The experimental result increases with the increasing of the distance of load from the left hand support at the left side of the cut. Based on the result, the values of shear force at cut section (N) increases when a load moves nearer towards the cut.
4. Comment on the experimental result compared to the theoretical result.
Based on the results that we got, shows a totally different result between the theoretical and experimental values. For the experimental influence line value, there are a big different between those experimental and theoretical. Overall,
based on the procedure, we followed the right instruction. It might be the error of the machine itself and not in the good condition.
Part 2 :
1. Comment the experimental result and the theoretical result in Table 2.

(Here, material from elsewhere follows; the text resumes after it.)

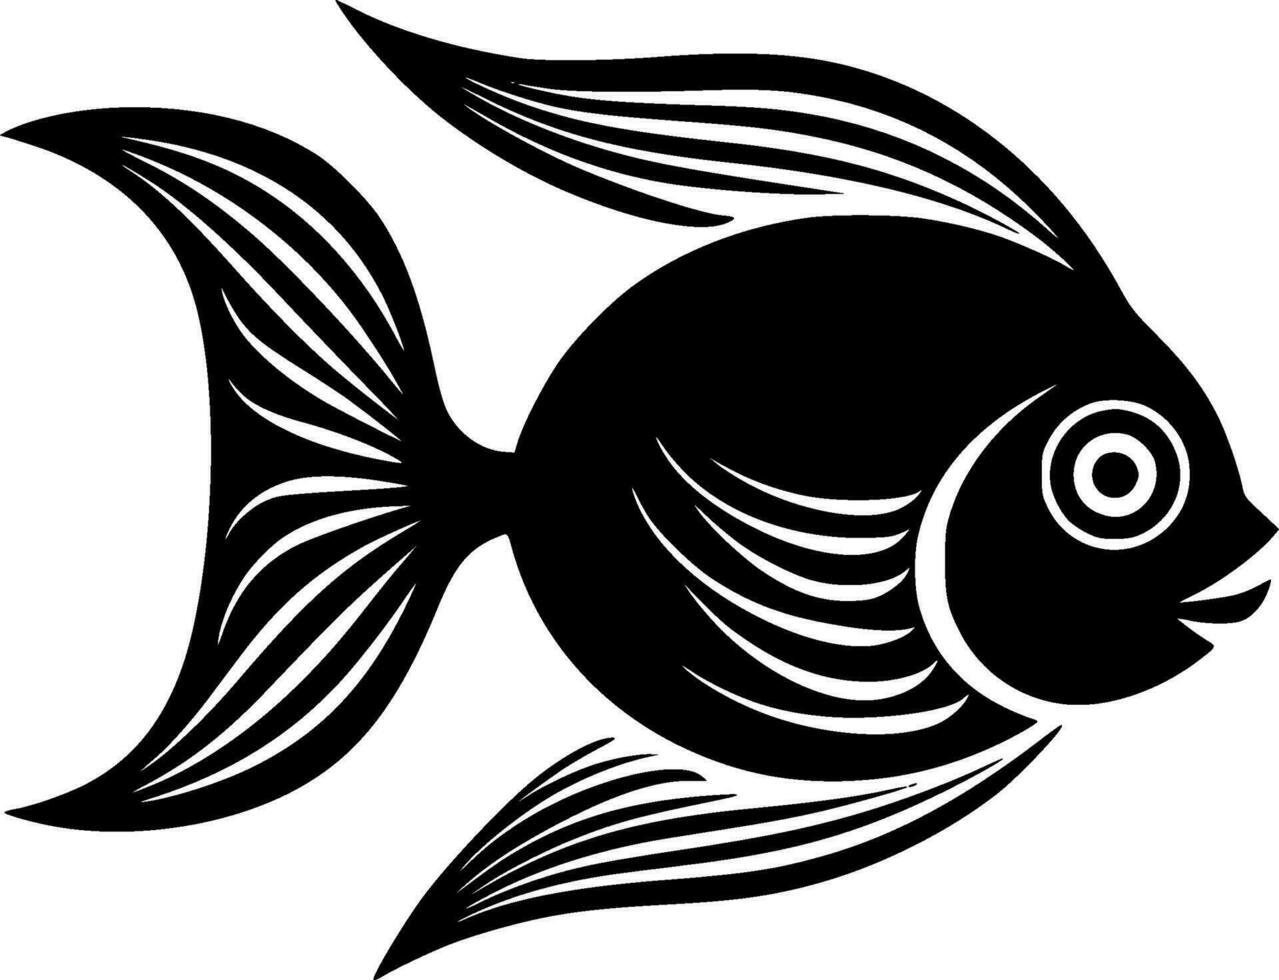 fisk - minimalistisk och platt logotyp - vektor illustration
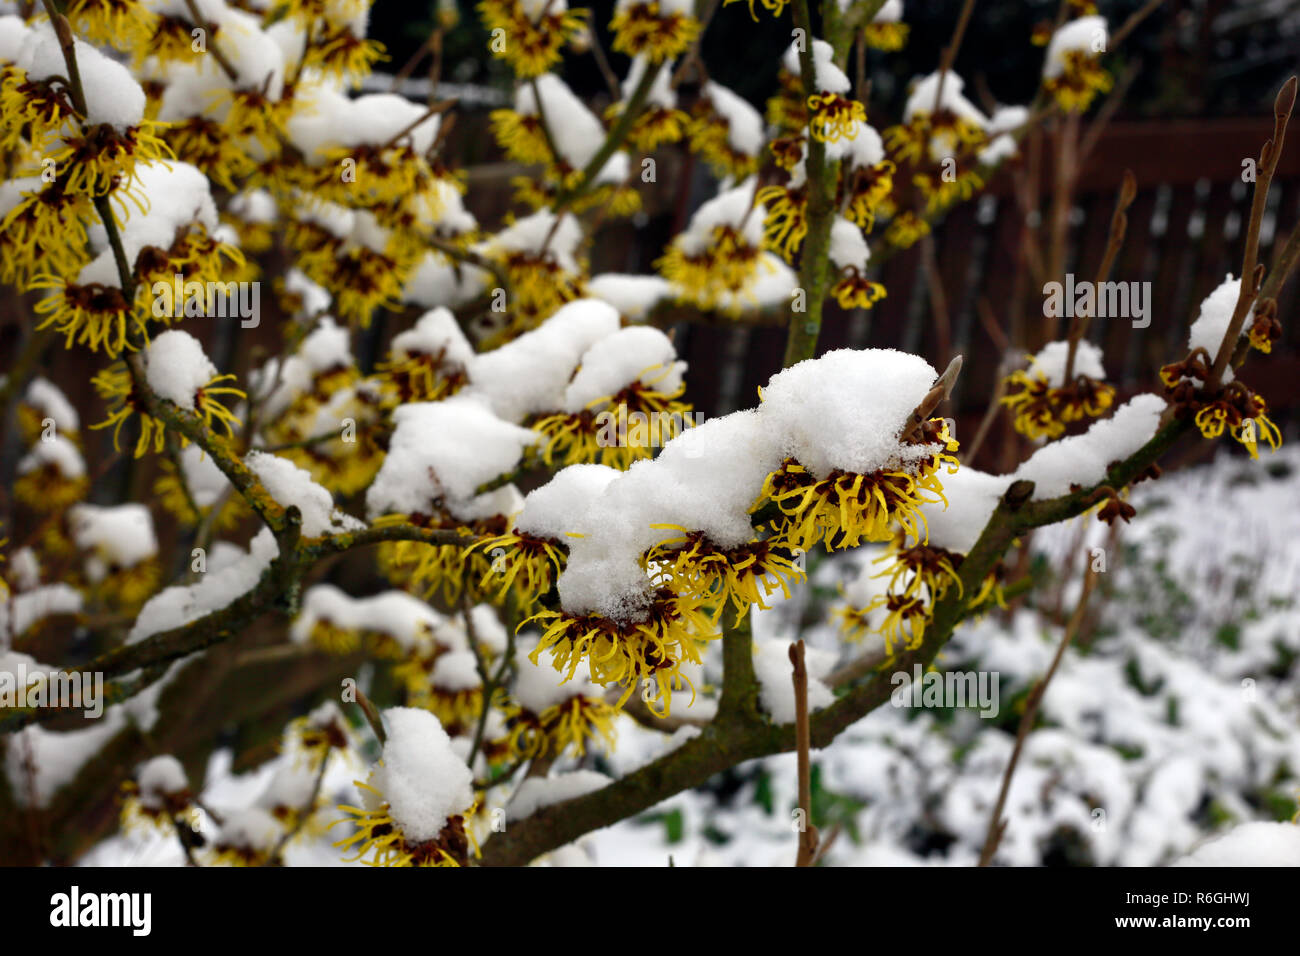 witch hazel (witch hazel),flowering shrub in january with snow hoods Stock Photo

In this part, we used the load 100g, 200g and 300g. From this experiment, the value for the location 1 to 4, the value for the experimental is bigger than the theoretical value. The value is depend on the location but the value for both results is not so much differences.
8.0 CONCLUSION
Part 1 :
From the experiment, we know that the value for the experimental and theoretical values is totally difference. From the graph it shows totally difference result between theoretical and experimental result. Based on the result, the values of shear force at cut section (N) increases when a load moves nearer towards the cut.
From the experiment, its shows that the location is one of the causes for the differences between the value. We should know that, influence lines can be used to calculate the shear force at the cut section.